Jane Addams, known prominently for her work as a social reformer, pacifist and feminist during the late 19th and early 20th centuries, was born with the name Laura Jane Addams. She was the eighth of nine children born to an affluent state senator and businessman, she and her family lived a life of privilege. As an addition to her already wonderful life, her father had many important friends, including President Abraham Lincoln.
In the 1880's, Addams struggled to find her place in the world. Battling with health problems at an early age, she graduated from the Rockford Female Seminary in Illinois in 1881. She later traveled and briefly attended medical school. On one trip with friend Ellen Gates Starr, Laura visited the famed Toynbee Hall in London, England, a special facility established to help the poor. She and Ellen were so impressed by the settlement house that they sought to create one in Chicago. It wouldn't be long before their dream became reality.

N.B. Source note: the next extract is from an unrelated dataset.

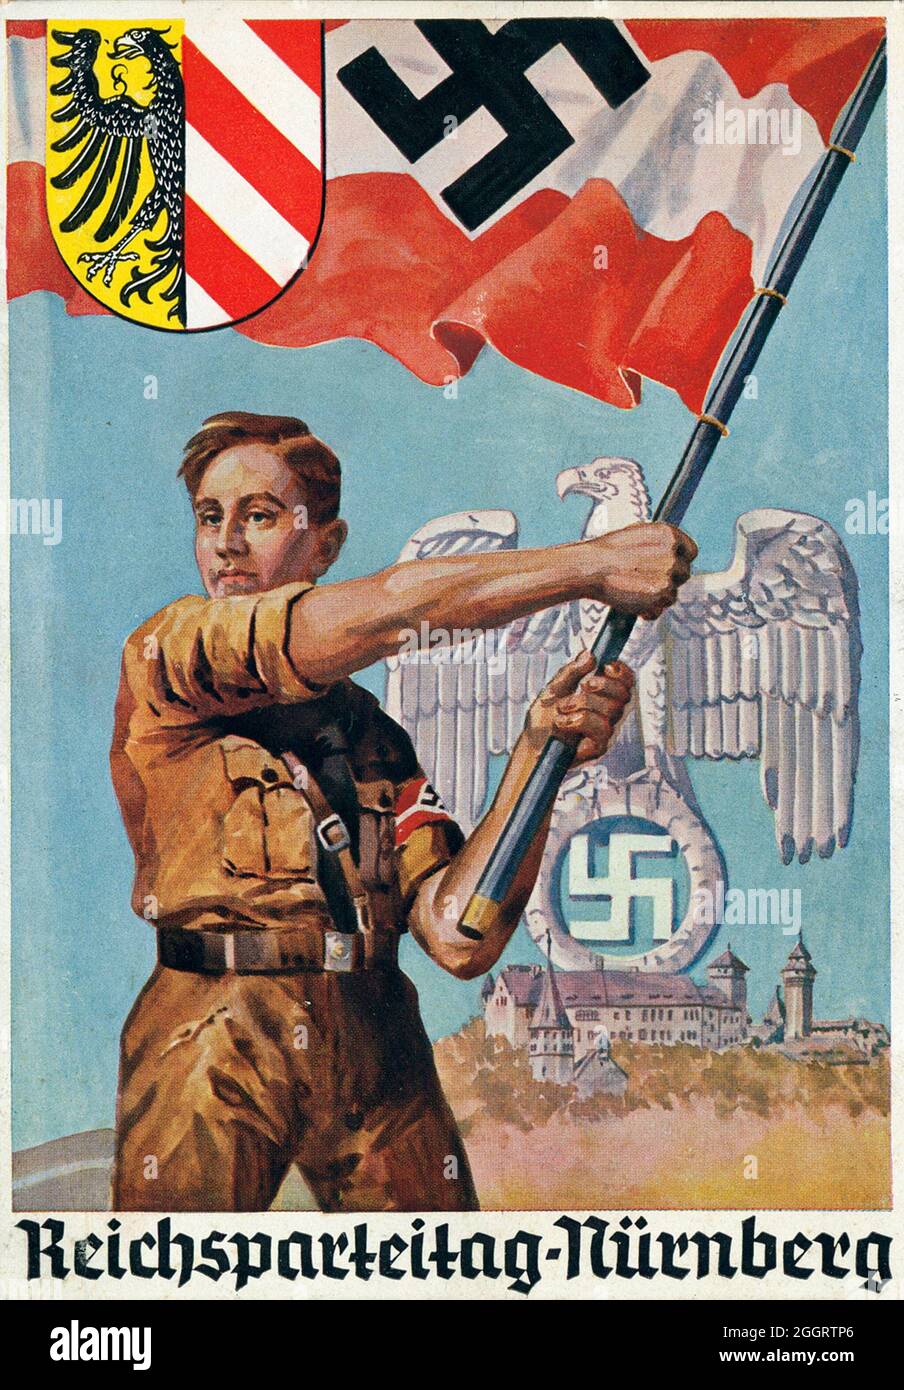 Une affiche vintage pour le rallye de Nuremberg nazi annuel montrant un membre en uniforme de la Jeunesse d'Hitler (Hitler-Jugend, HJ) Banque D'Images

In 1889, Laura and Ellen opened one of the first settlements in both the United States and North America, and the first in the city of Chicago: Hull House, which was named after the building's original owner. The house provided services for the immigrant and poor population living in the Chicago area. Not long after, the organization grew to include more than 10 buildings and extended its services to include child care, educational courses, an art gallery, a public kitchen and several other social programs.
In 1963, the construction of the University of Illinois' Chicago campus forced Hull House to move its headquarters, and, unfortunately, most of the organization's original buildings were demolished as a result. However, the Hull residence was transformed into a monument honoring Laura that remains standing today.